I will never use that!
Jun 22nd, 2007 by phil
Matt and I were discussing domain-specific languages the other day and no discussion of DSLs is complete without mentioning Lisp macros. After I explained how macros work in Lisp Matt said something along the lines of “Huh, that sounds cool but I am not sure how I would use it.”
This is what Paul Graham called the “Blub Paradox.” According to Paul, the programming languages that you know and use affect the way you think about solving problems. A programmer using a hypothetical middle-of-the-road programming language called Blub feels that “Blub is good enough for him, because he thinks in Blub.” In a way, this is a programming language version of the Sapir-Whorf hypothesis which, according to Wikipedia, “states that there is a systematic relationship between the grammatical categories of the language a person speaks and how that person both understands the world and behaves in it.” Matt has some firsthand experience with the linguistic aspects as his wife is bilingual:
This is also true between speaking languages as my wife will attest. Poetry, for example, isn’t the same in both languages. The idioms, terms, or ideas in one language don’t necessarily translate well to another - sometimes both in meaning as well as in rhyme. Thus it gives you the ability to pull certain color from one language that isn’t necessarily possible with the other. That’s an interesting topic on many levels.

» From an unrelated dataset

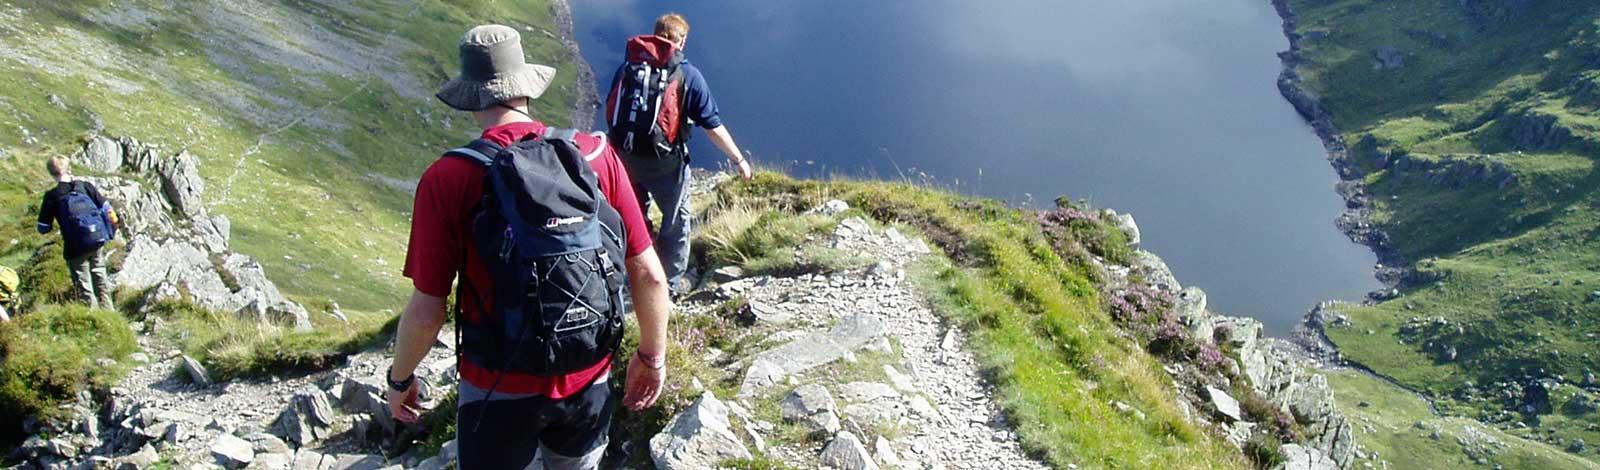 Snowdonia walking weekends
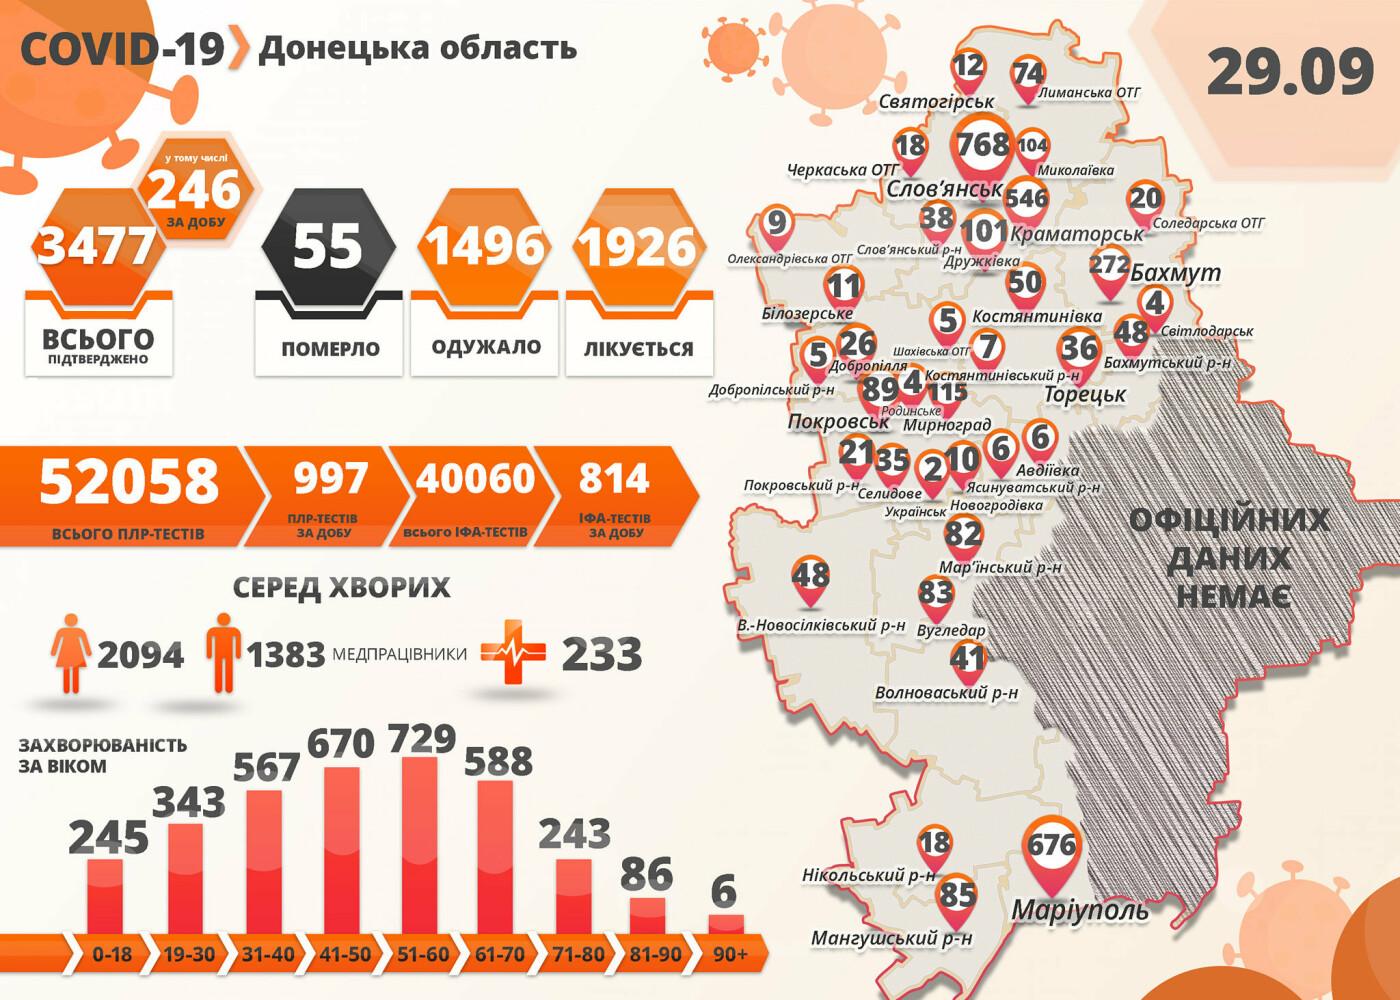 В Донецкой области новый антирекорд: 246 случаев коронавируса за сутки, фото-1

To me, the Blub Paradox means that programmers discount features from languages that are vastly different from the one they currently prefer because they don’t think those features are useful. The paradox is that they can’t understand the features until they actually use them and they won’t use them because they don’t understand them.
I think that the root of the resistance to the new features is a feeling that they aren’t really useful. Most programmers have an intuitive understanding that anything you can accomplish in a modern programming language can also be accomplished in any other sufficiently advanced programming language. It is a short trip here to believing that “If I can accomplish my task with either programming language A or B, then they must be equivalent.” It is easy then to believe that features are not useful since they do not enable you to accomplish something that you couldn’t with another language.
But, that isn’t the way it works. This common intuitive understanding of programming language equivalence, also known as Turing completeness, is misleading. Consider this line from the Wikipedia article on Turing completeness:
Being equivalent to the universal Turing machine essentially means being able to perform any computational task - though it does not mean being able to perform such tasks efficiently, quickly, or easily.
In other words, just because something is possible doesn’t mean that it is feasible. The mistaken belief that languages are power-equivalent leads to devaluing features from other languages out of a mistaken belief that the features aren’t useful.
When you think about it, this phenomena can be seen in other areas of the “real world” as well. Last year I decided to trade in my beloved Mustang Cobra for a new Honda Accord. The Accord had two features that I felt I would never use: heated seats and the ability to roll down the windows with the remote. I live in Houston, Texas which gets hot in the summer and isn’t known for harsh winters. Yet, the heated seats turned out to be very useful as it doesn’t have to be that cold before leather seats become uncomfortable. At least I understood what the heated seats were meant to accomplish. At first I didn’t quite understand why the remote-controlled windows were useful. Then one day as I was walking to my car in 90+ degree weather I put the windows down from halfway across the parking lot and by the time I sat down in the car it was comfortable inside. Lowering both of the windows at once let all of the pent-up hot air escape and allowed a breeze to freshen the inside of the car.
In a way, driving the Mustang for four years had shaped how I thought about operating a car. I had been able to get by without heated seats or remote-controlled windows and thus didn’t see the need for either. Now that I have both features I use them all the time during the appropriate seasons. Just as I improved my comfort while driving during very hot and very cold weather, programmers who are willing to explore languages like Lisp can make writing software more comfortable.
Update: This article sparked an interesting discussion at reddit.